Make a word-for-word copy of the entries below from their first line through the line with "Virtual Hospitals: Future of Healthcare", and add nothing.

***** Data shown *****

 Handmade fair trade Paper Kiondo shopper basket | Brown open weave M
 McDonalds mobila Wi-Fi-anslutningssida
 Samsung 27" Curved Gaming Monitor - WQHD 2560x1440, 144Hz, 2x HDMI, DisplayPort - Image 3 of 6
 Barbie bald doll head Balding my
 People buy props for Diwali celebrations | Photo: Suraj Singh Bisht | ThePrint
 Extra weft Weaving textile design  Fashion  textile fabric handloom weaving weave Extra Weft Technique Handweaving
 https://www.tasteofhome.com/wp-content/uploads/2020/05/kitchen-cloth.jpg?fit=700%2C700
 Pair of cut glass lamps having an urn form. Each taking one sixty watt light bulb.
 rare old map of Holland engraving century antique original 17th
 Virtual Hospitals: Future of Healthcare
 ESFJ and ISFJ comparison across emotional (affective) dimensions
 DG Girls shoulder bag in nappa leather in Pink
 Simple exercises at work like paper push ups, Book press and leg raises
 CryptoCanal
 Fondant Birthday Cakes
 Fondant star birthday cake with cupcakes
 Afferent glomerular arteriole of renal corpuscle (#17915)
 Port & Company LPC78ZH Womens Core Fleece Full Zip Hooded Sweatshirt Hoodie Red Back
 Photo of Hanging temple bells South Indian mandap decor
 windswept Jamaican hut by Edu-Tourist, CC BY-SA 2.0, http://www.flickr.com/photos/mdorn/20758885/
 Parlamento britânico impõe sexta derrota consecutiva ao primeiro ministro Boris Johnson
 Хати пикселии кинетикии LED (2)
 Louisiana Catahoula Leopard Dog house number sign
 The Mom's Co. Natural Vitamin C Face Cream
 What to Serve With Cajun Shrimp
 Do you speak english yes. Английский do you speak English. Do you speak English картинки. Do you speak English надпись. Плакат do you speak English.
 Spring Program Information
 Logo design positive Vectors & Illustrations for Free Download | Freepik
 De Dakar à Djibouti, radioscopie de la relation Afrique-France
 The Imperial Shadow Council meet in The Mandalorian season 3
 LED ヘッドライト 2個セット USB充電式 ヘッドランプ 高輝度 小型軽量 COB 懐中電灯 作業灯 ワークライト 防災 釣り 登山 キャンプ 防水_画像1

*****

Reply to the task:
 Handmade fair trade Paper Kiondo shopper basket | Brown open weave M
 McDonalds mobila Wi-Fi-anslutningssida
 Samsung 27" Curved Gaming Monitor - WQHD 2560x1440, 144Hz, 2x HDMI, DisplayPort - Image 3 of 6
 Barbie bald doll head Balding my
 People buy props for Diwali celebrations | Photo: Suraj Singh Bisht | ThePrint
 Extra weft Weaving textile design  Fashion  textile fabric handloom weaving weave Extra Weft Technique Handweaving
 https://www.tasteofhome.com/wp-content/uploads/2020/05/kitchen-cloth.jpg?fit=700%2C700
 Pair of cut glass lamps having an urn form. Each taking one sixty watt light bulb.
 rare old map of Holland engraving century antique original 17th
 Virtual Hospitals: Future of Healthcare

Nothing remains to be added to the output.